Oh, and *Matt*, I totally think you're saying that because you've been playing for months .  I'm one of the goobers that paid an extra eight bucks to get into the game *seven days early*.  

Blizzard has said that the open beta will be the same core game as the one you buy in the box come retail; although you'll need to buy the gamebox in order to get a key for playing it, you won't need to reinstall or re-download the game if you're in the beta.

Daniel


----------



## EricNoah (Nov 8, 2004)

I got WOW.exe but it can't run because it is apparently missing other files.  Which probably isn't surprising.  So I'm not sure it helped.    I have heard rumors that the recent patch may push back the start of the open beta...


----------



## Pielorinho (Nov 8, 2004)

Ah well--worth a try!  I read a post from Blizzard today saying that they thought the open beta would begin today, so I'm still guessing it will.

Daniel


----------



## Pielorinho (Nov 8, 2004)

It's he-e-e-re!  For some reason, Fileplanet is saying there's a limited number of keys, which doesn't sound very open-beta-like to me.  And WoW's beta page is down.  But it looks like you can go to FilePlanet right now and get into the beta for free--once their servers quit crashing due to the entirely unexpected overload .

Daniel


----------



## EricNoah (Nov 8, 2004)

I'm there ... and, as you report, it's crashing!  and as reported, www.worldofwarcraft.com is also down!  Yipee, let the frenzy begin!


----------



## EricNoah (Nov 8, 2004)

The fileplanet.com keys are gone!


----------



## Angcuru (Nov 9, 2004)

The keys are gone?  Guess Blizzard only wanted so many people one their servers or something.  I mainly got into the beta to make sure I wanted to invest in playing this game.  After an hour of play, I pre-ordered the Special Collector's Edition from Amazon.     So much neat stuff.....I pity them Everquesters.
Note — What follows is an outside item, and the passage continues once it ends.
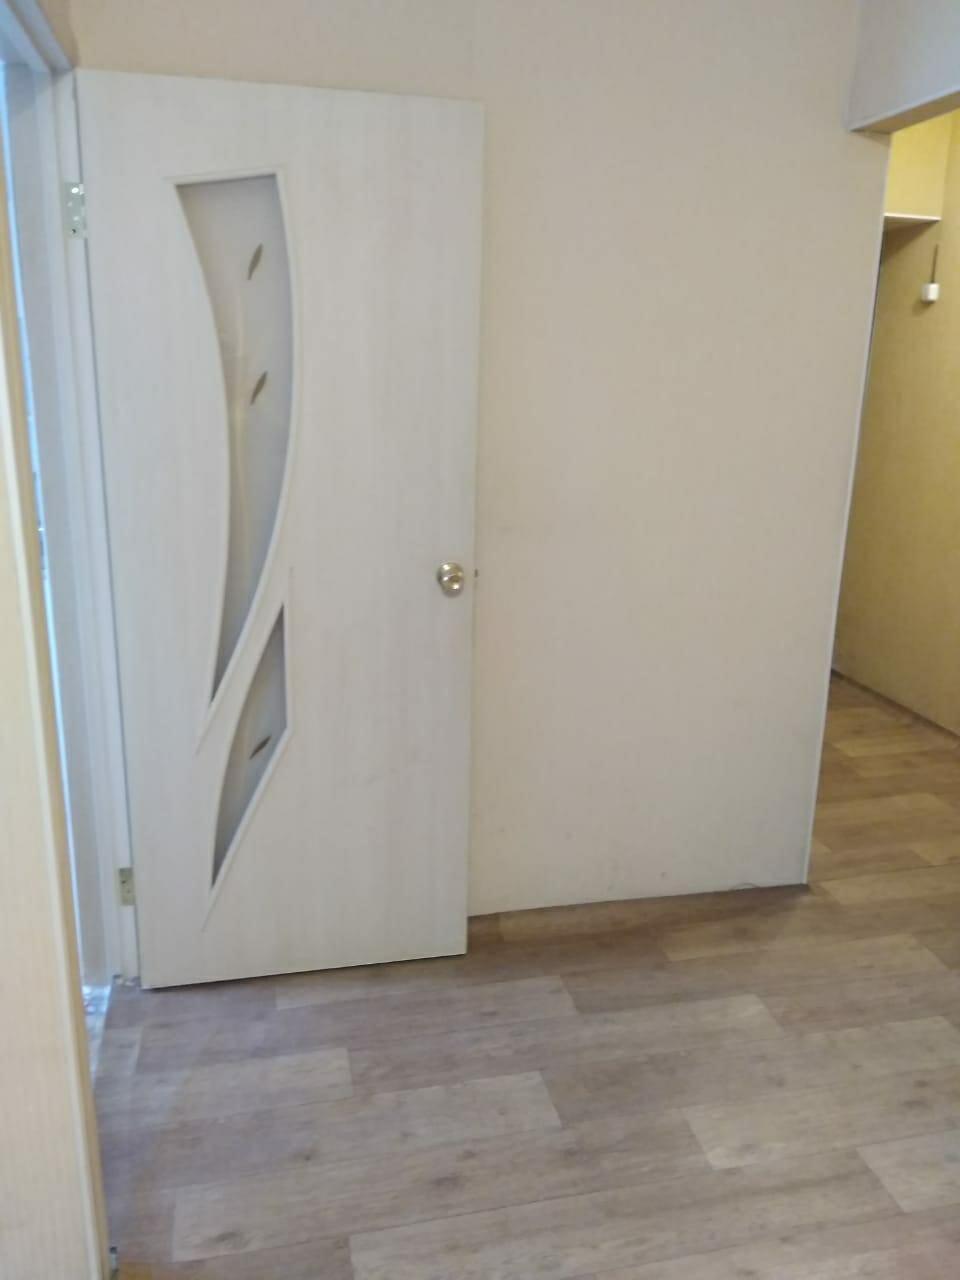 1к квартира улица Красная площадь, 1 | 15000 | аренда в Красноярске фото 7

Oh, and I'm playing as Thordar, a gray-bearded dwarven hunter on Test 3.


----------



## LazarusLong42 (Nov 9, 2004)

Well, I got my key, and I'm still in the process of downloading.  Which doesn't surprise me.  Now I have to figure out how to easily get 2.5 GB of information from work to home... or re-download at home, which seems more likely.  Thankfully, I have cable...

Matt:  I'm going to use the beta period to evaluate whether I'm willing to pay $10/month to play this.  This'd be my first MMORPG.

EN:  Good luck getting your key; FilePlanet had a limited number of keys, but Blizzard is *supposed* to have gobs more... of course, their servers are getting hit pretty hard right now.  2 AM may be your best bet...


----------



## mattcolville (Nov 9, 2004)

Pielorinho said:
			
		

> Oh, and *Matt*, I totally think you're saying that because you've been playing for months .  I'm one of the goobers that paid an extra eight bucks to get into the game *seven days early*.
> 
> Blizzard has said that the open beta will be the same core game as the one you buy in the box come retail; although you'll need to buy the gamebox in order to get a key for playing it, you won't need to reinstall or re-download the game if you're in the beta.
> 
> Daniel




I don't believe that's the case. I know some of the guys at Blizzard and according to them, you will have to reinstall.


----------



## Pielorinho (Nov 9, 2004)

*Matt*, that may be--but I'm almost certain I've read official notices on the WoW boards that you wouldn't have to reinstall.  It may just be that the programmers and the PR people aren't understanding one another; if Blizzard has a weakness, surely it's with their pre-game PR department .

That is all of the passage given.